What you are asked to do =>
Transcribe the data verbatim and drop its images.

*** Given material

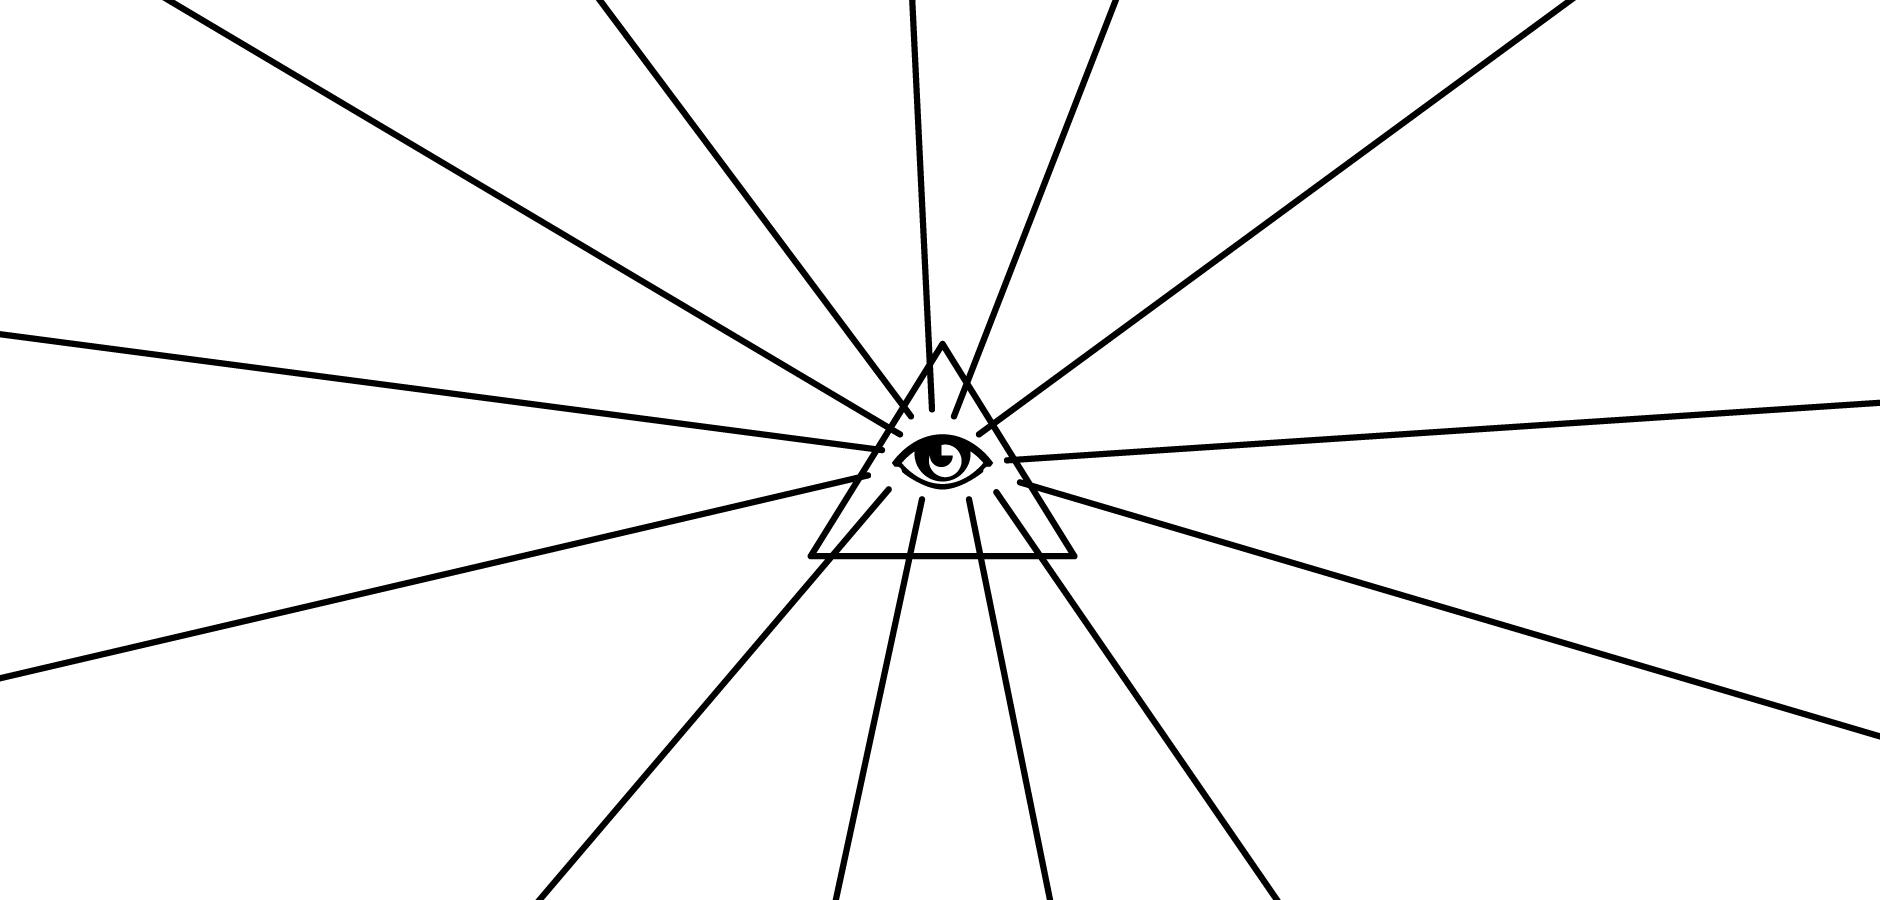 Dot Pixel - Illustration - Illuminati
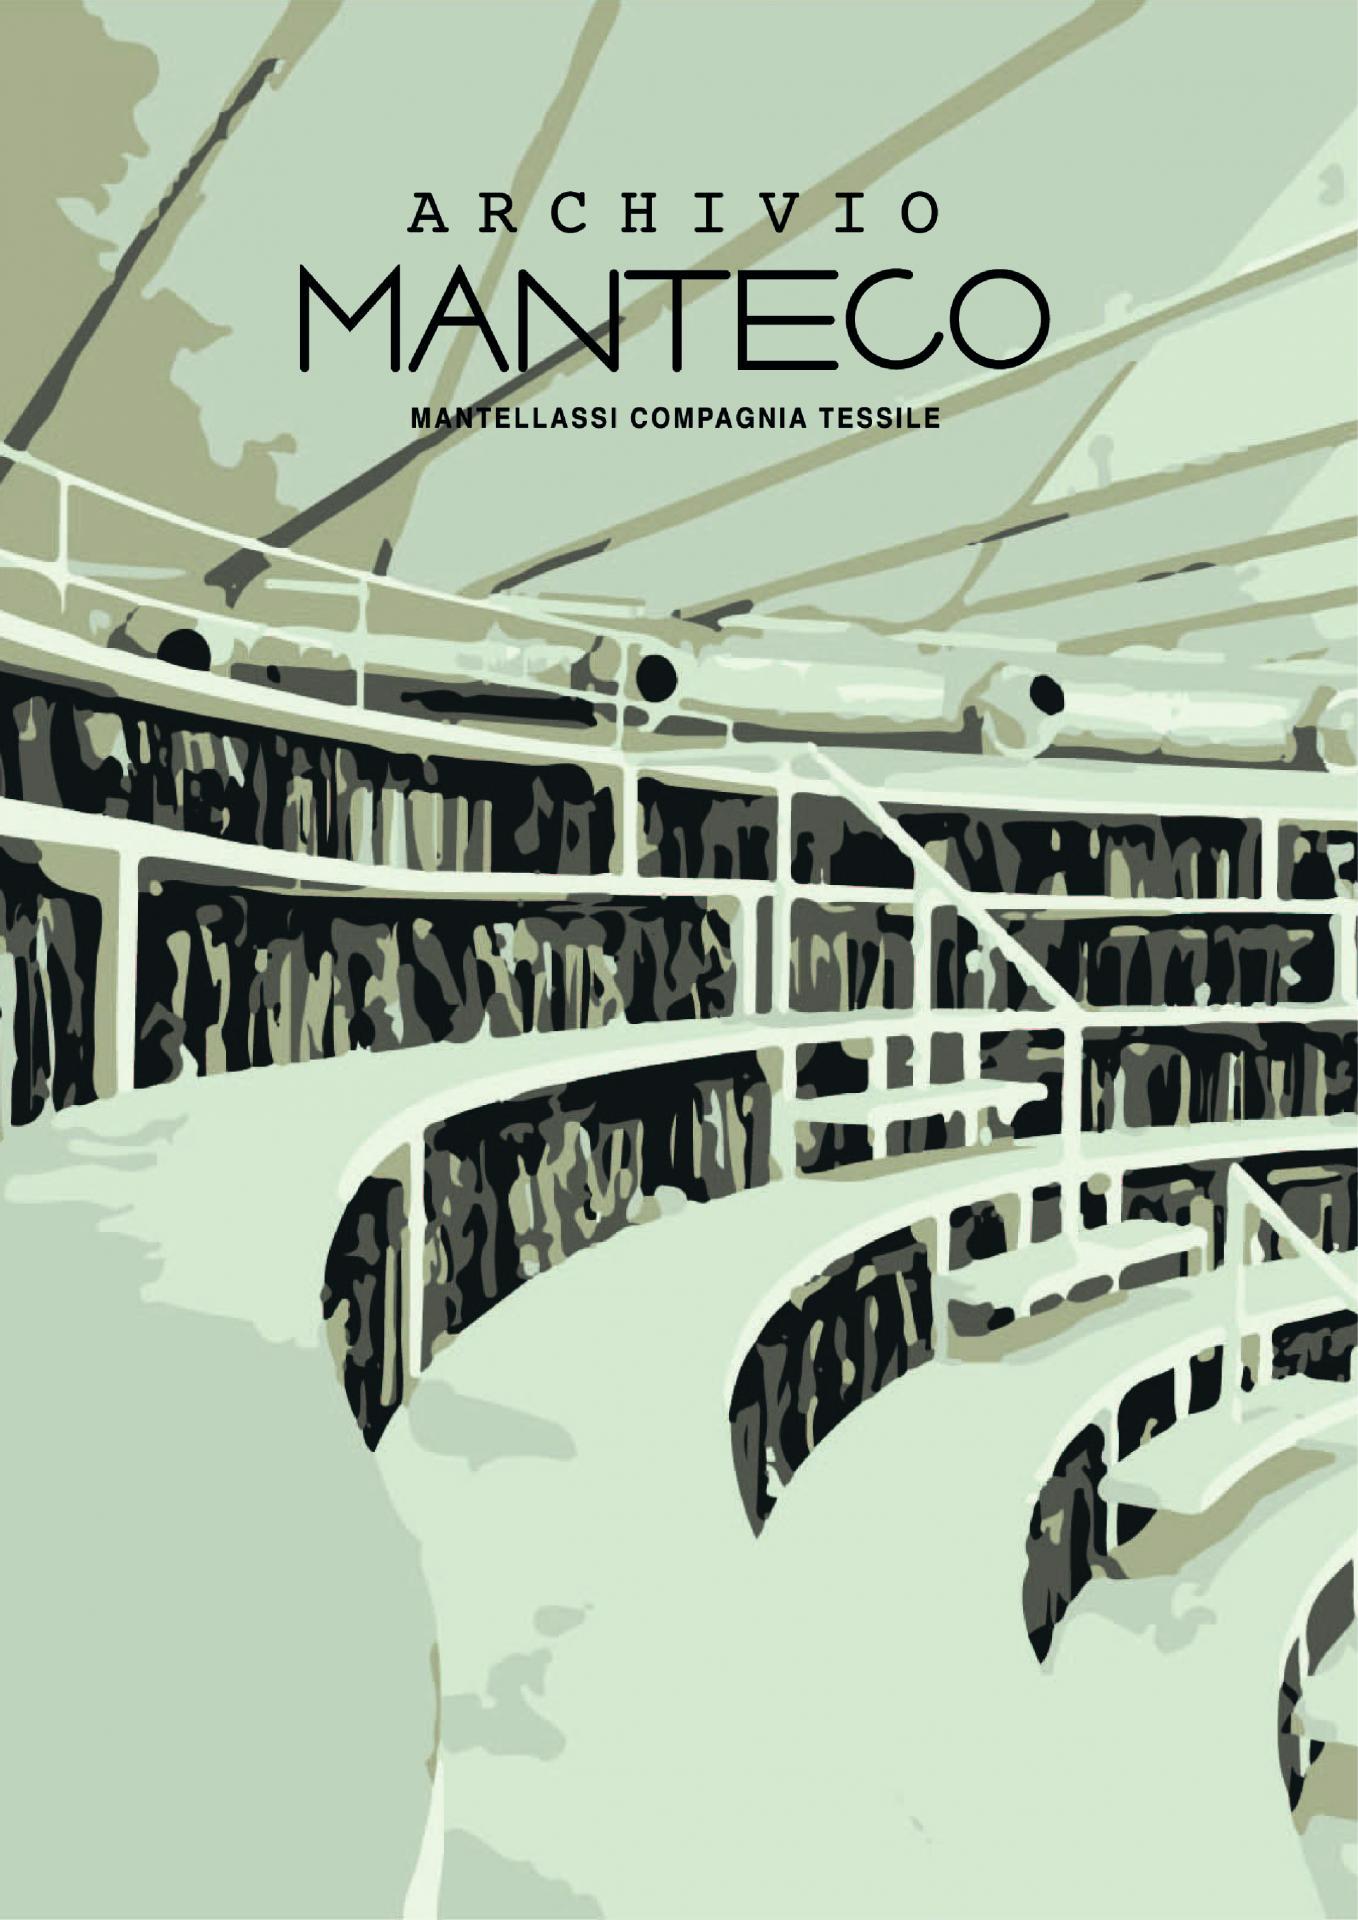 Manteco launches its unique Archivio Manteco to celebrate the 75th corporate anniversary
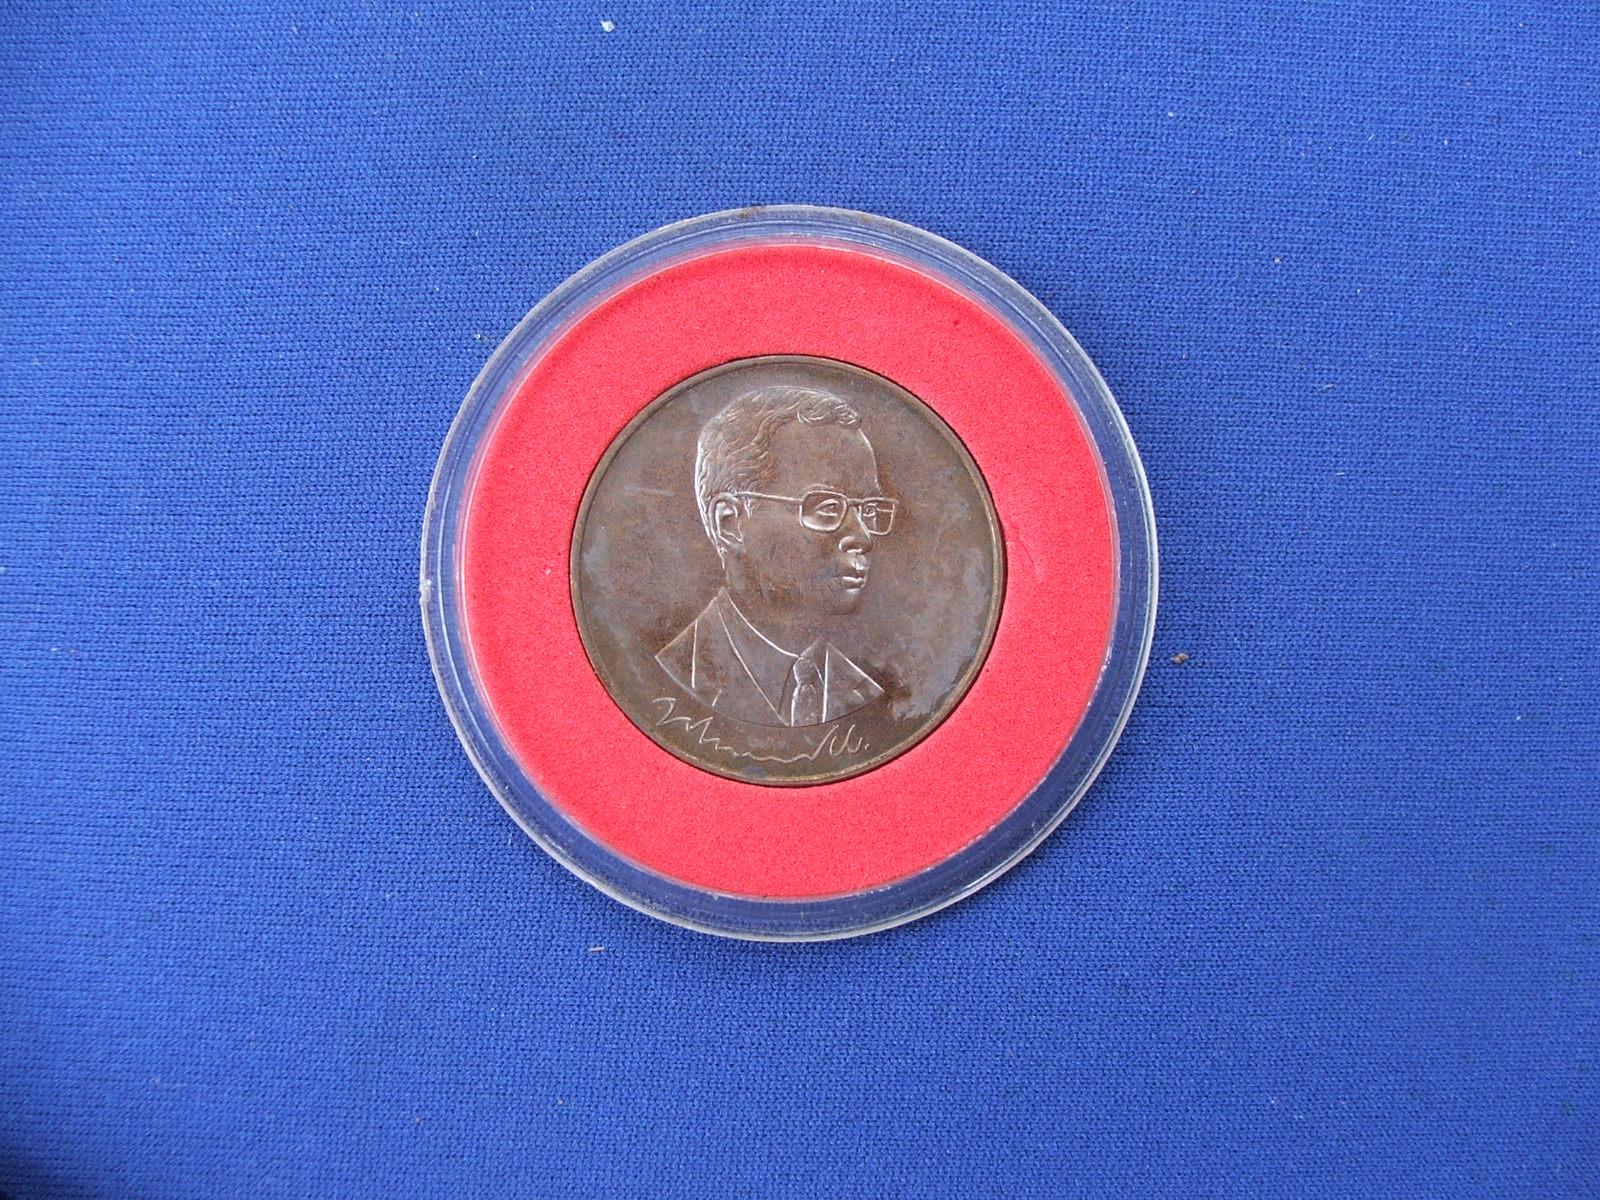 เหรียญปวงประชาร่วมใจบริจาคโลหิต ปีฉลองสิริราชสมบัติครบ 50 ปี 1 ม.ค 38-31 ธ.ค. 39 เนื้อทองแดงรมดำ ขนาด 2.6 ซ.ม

******

Exercise response =>
 Dot Pixel - Illustration - Illuminati
 Manteco launches its unique Archivio Manteco to celebrate the 75th corporate anniversary
 เหรียญปวงประชาร่วมใจบริจาคโลหิต ปีฉลองสิริราชสมบัติครบ 50 ปี 1 ม.ค 38-31 ธ.ค. 39 เนื้อทองแดงรมดำ ขนาด 2.6 ซ.ม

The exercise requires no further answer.